Re: Line noise filters

July 6th, 2020, 11:25 pm

Walt, it may ineed be that, but with the inputs shorted, where's the loop? I've suggested cheater plugs which he will try, but I suspect the loft room of the condo where the stereo is is on a circuit with some dimmers. This wasn't a problem until the hot weather hit.

Re: Line noise filters

July 7th, 2020, 6:55 am

If it is a 120 Hz hum it is probably not dimmer noise. That is generally higher frequency hash from current spikes as the triac turns on. The chokes they use in common dimmers to suppress the spikes are pitiful at best.

Re: Line noise filters

July 7th, 2020, 6:58 am

tomp wrote:If it is a 120 Hz hum it is probably not dimmer noise. That is generally higher frequency hash from current spikes as the triac turns on. The chokes they use in common dimmers to suppress the spikes are pitiful at best.


The problem is I'm not there to hear it, I have to rely on his description. If it *is* noise from his ceiling fans, is there something that will isolate the amps from it?

Re: Line noise filters

July 7th, 2020, 8:45 am

Grover Gardner wrote:Walt, it may ineed be that, but with the inputs shorted, where's the loop? I've suggested cheater plugs which he will try, but I suspect the loft room of the condo where the stereo is is on a circuit with some dimmers. This wasn't a problem until the hot weather hit.

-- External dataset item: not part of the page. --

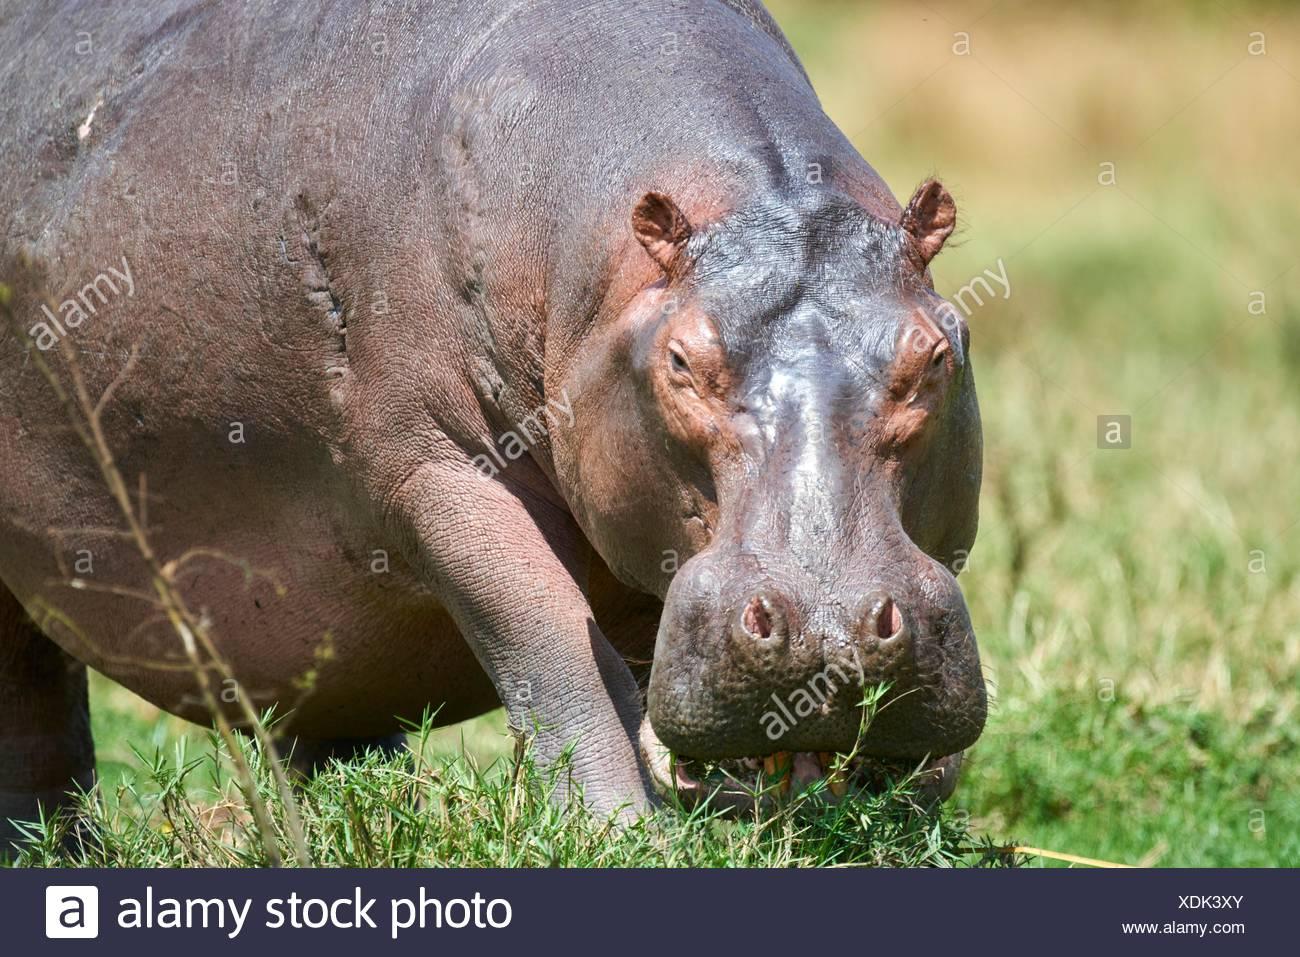 Hippopotamus grazing (Hippopotamus amphibius) Murchisson Falls National Park, Uganda. Stock Photo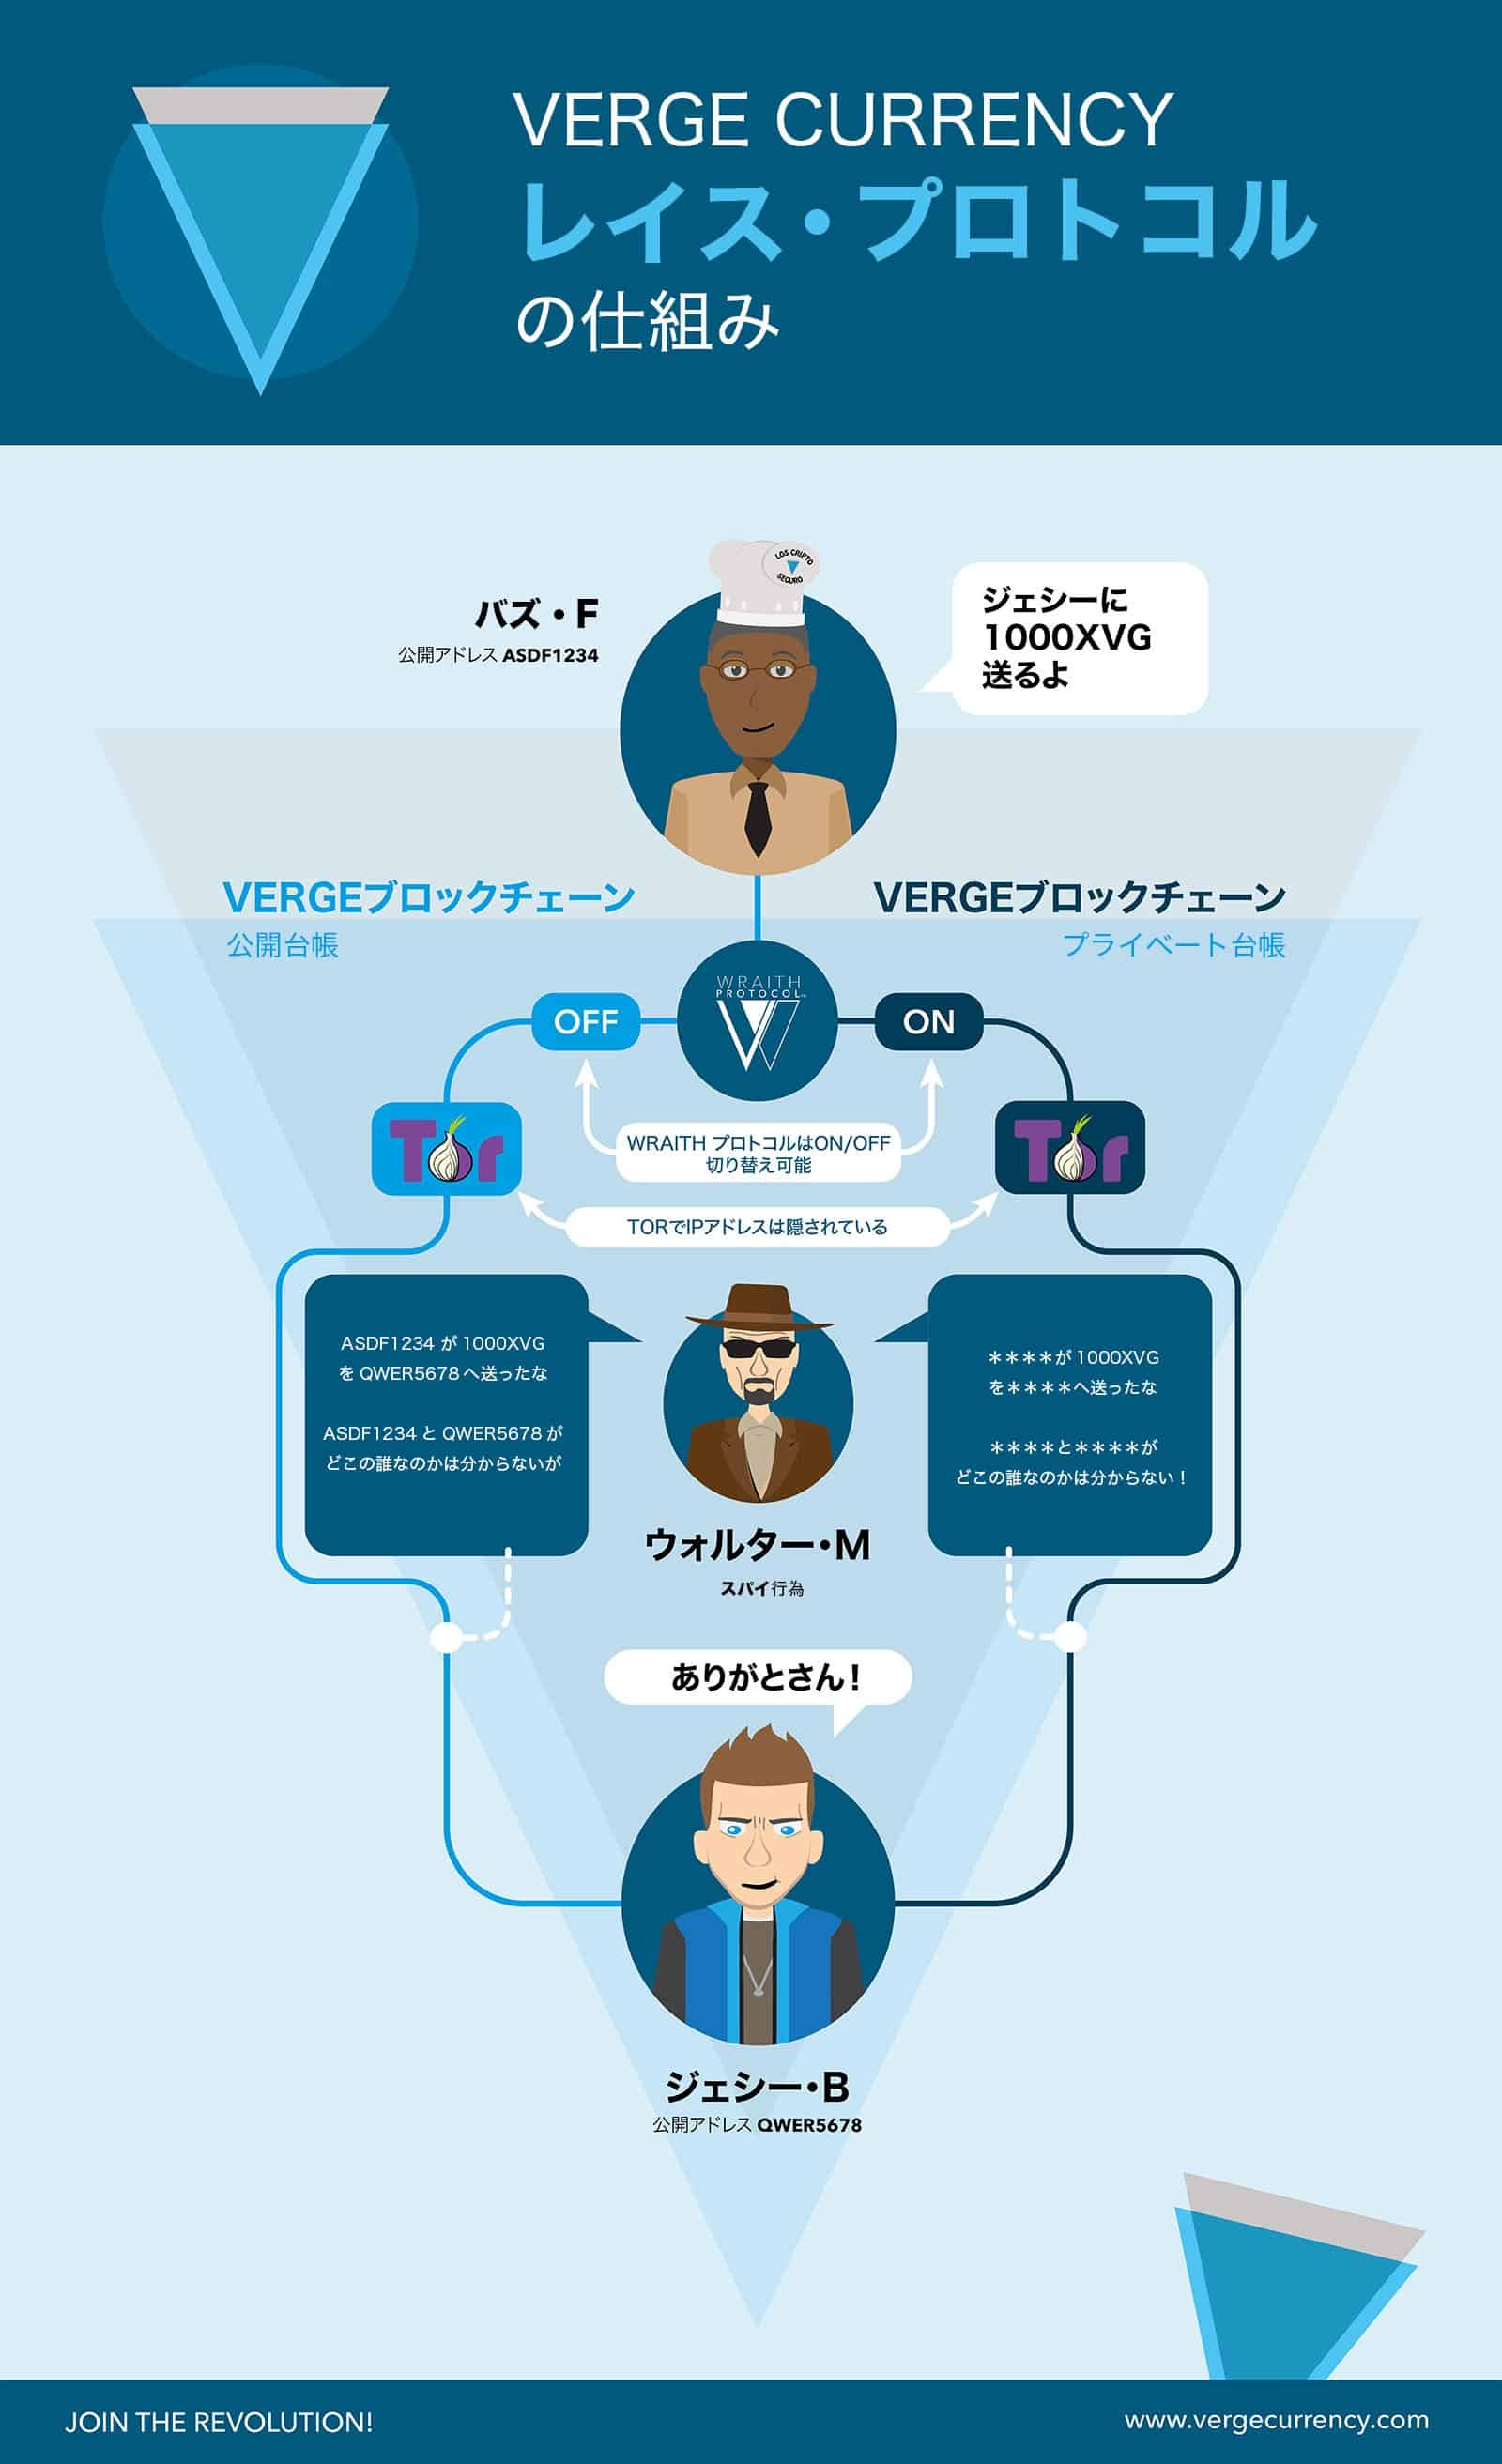 Verge(ヴァージ)とは|仮想通貨の特徴・価格・チャート・取引所2

Although I hate to suggest it -- it might be an issue with the power-supply filter capacitors. Aluminum electrolytic caps can be very reliable, yet sneaky. Default failure can be an internal short (very nasty) or an "open" condition where the measured capacitance drops like a stone. Why an open condition? I don't know, but I have experienced it especially if it cannot work with the amount of ripple current it has to deal with. I found that power supply capacitor ratings do not stop at size, WVDC, and temperature. I found that a major rating that goes unnoticed is ripple-current capability. If undersized that way even 105-degree C rated caps can get into trouble. It can start with a relatively benign hum at first --then all bets are off.